Шрифт:
Интервал:
Закладка:
Желая сказать, что волшебник Титлакауан принял вид старика, ацтек-рассказчик употребляет буквально следующее выражение: «Он преобразил себя в маленького старичка, он изменил себя, он поменял свою внешность, он сильно согнулся, его голова совсем побелела, его волосы совсем побелели». Еще одним распространенным стилистическим приемом является выражение какой-либо идеи путем помещения рядом двух слов, образующих двучленный термин.

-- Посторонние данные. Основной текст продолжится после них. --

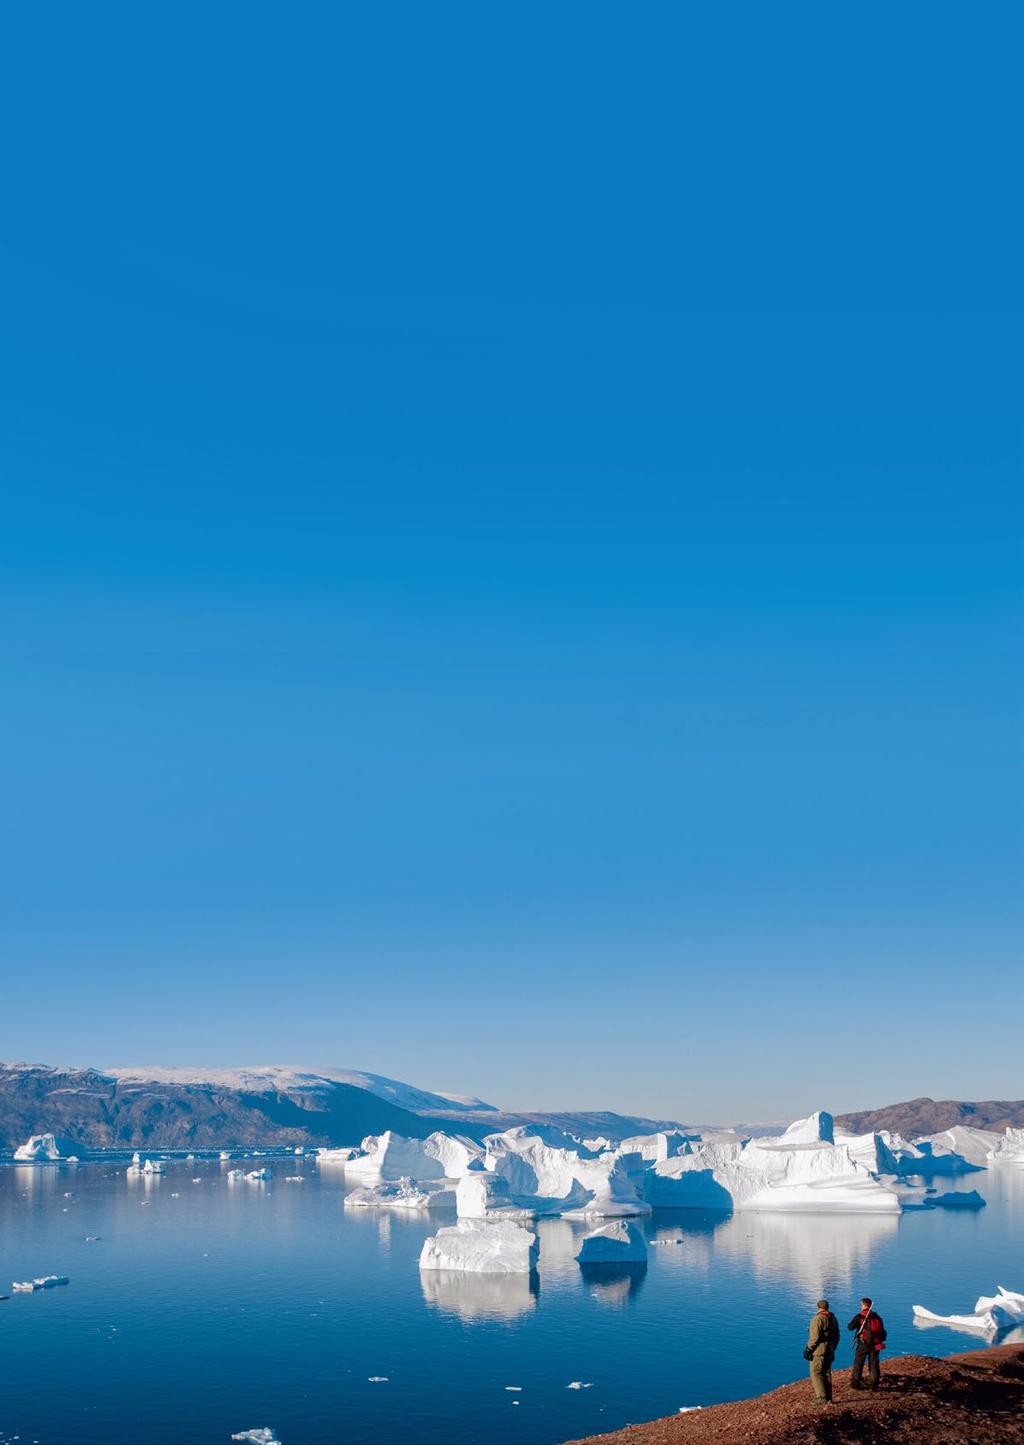 NORDÖSTRA GRÖNLAND - FLY & CRUISE Följ med på en spännande expeditionskryssning till nordöstra Grönland en av världens sista orörda vildmarker!

Например, мицтитлан айаутитлан (в облаках, в тумане), что означает «загадочно, таинственно»; нома нокши (моя рука, моя ступня) – «мое тело»; ин чальчиуитль ин кецали (нефрит, перья) – «богатство» или «красота»; итлатоль ихийо (его слово, его дыхание) – «его речь»; ин шочитль ин куикатль (цветок, песня) – «стихотворение» и т. д.

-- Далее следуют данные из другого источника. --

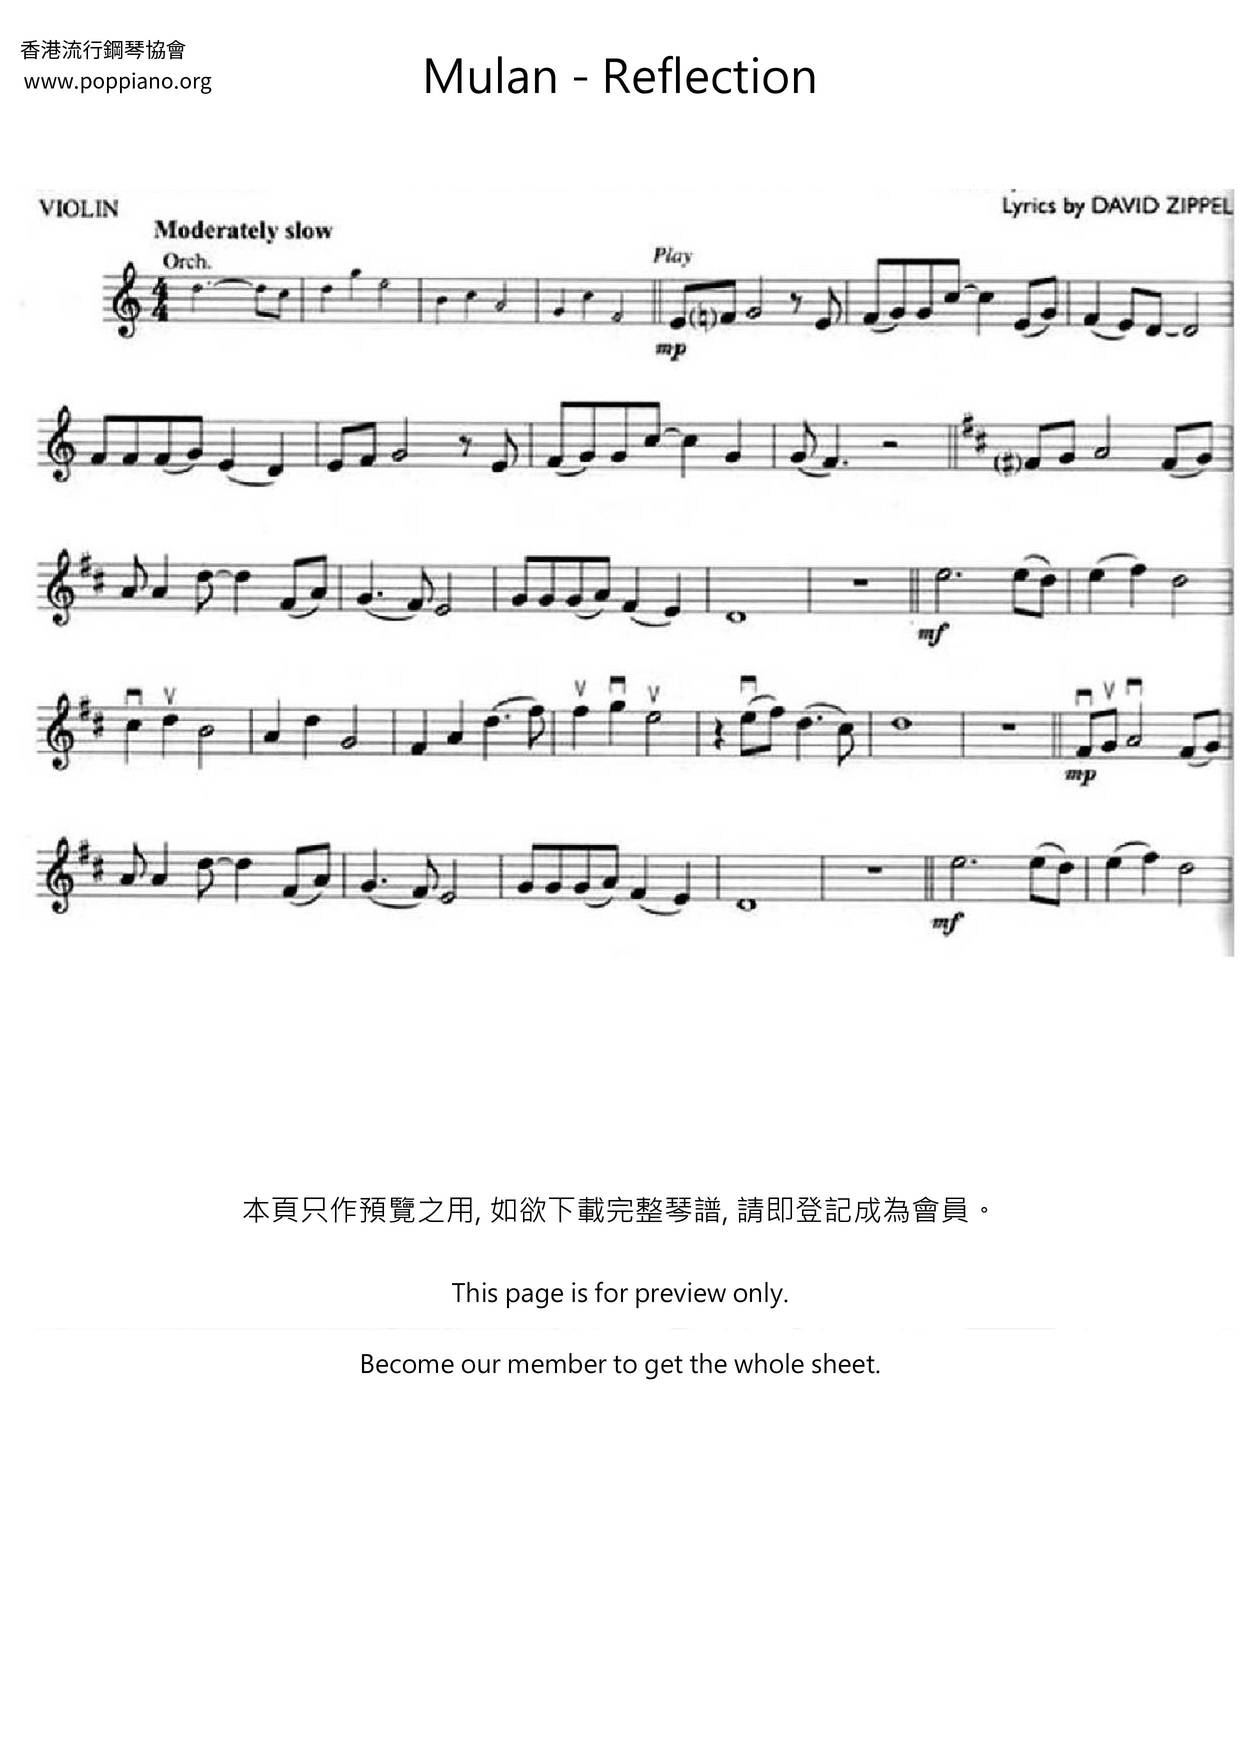 Mulan - Reflectionピアノ譜

То же самое просматривается в параллелизме, к которому постоянно стремятся в стихах и трактатах и который состоит в размещении рядом двух фраз, имеющих одинаковое значение: чокицтли мотека, ишайотль пишауи («печаль переполняет, слезы текут»). Также высоко ценились фонетические параллели, а также неполные рифмы и аллитерации. Все эти стилистические приемы вместе с метафорами, которые зачастую были чрезвычайно замысловатыми, были признаками изящной словесности и использовались в речи хорошо воспитанного культурного человека.

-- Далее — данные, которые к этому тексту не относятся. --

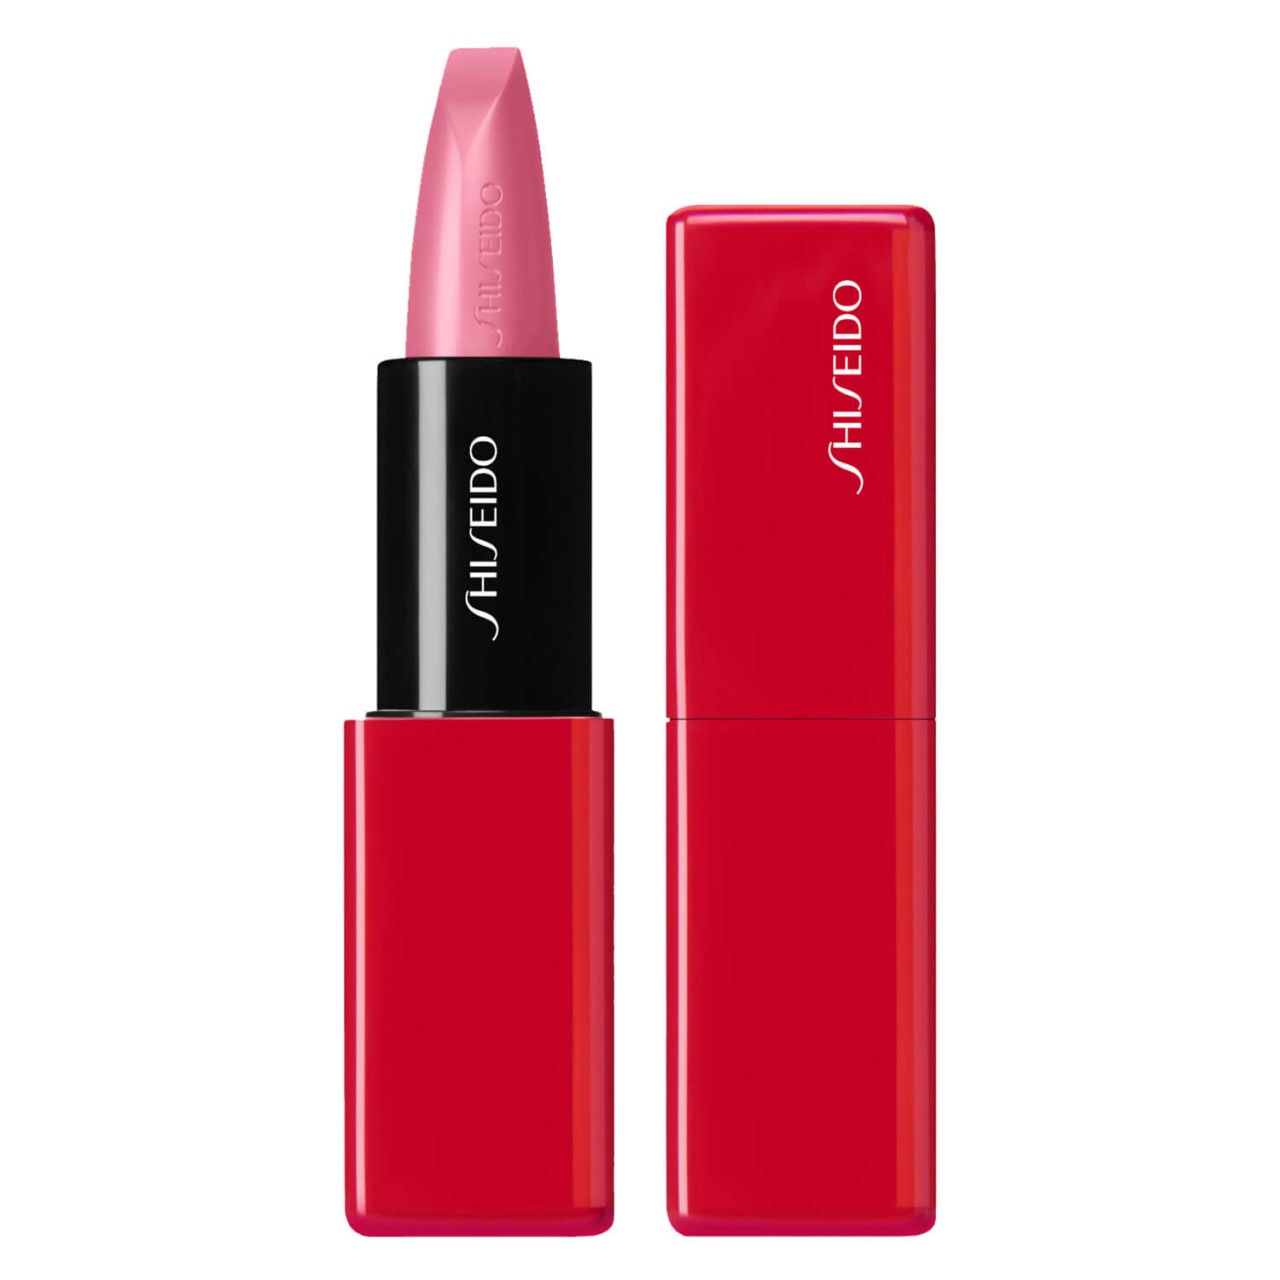 TechnoSatin Gel Lipstick - Pulsar Pink 407 von Shiseido

Точно так же как стиль летописей был обычно сух, лаконичен и сводился к голому изложению фактов, стиль речей был цветист и даже, на наш вкус, напыщен и помпезен. Некоторые примеры этого стиля уже приводились, но невозможно не подчеркнуть необычайную склонность мексиканцев к этой философско-нравственной риторике. Они без устали могли произносить речи на любую тему и бесконечно отвечать друг другу избитыми фразами – с точки зрения латинской риторики, общепринятыми формулами на которые они набрасывали плащи своих метафор ради упражнения. «Они имели большую склонность к ораторскому искусству… Во время своих публичных выступлений они сидели на пятках, не прикасаясь к земле; они не смотрели вверх, не поднимали глаз; они не плевали, не делали никаких жестов и не смотрели никому в лицо. Когда оратор заканчивал свою речь, он поднимался и уходил, опустив лицо, не поворачиваясь спиной, очень скромно».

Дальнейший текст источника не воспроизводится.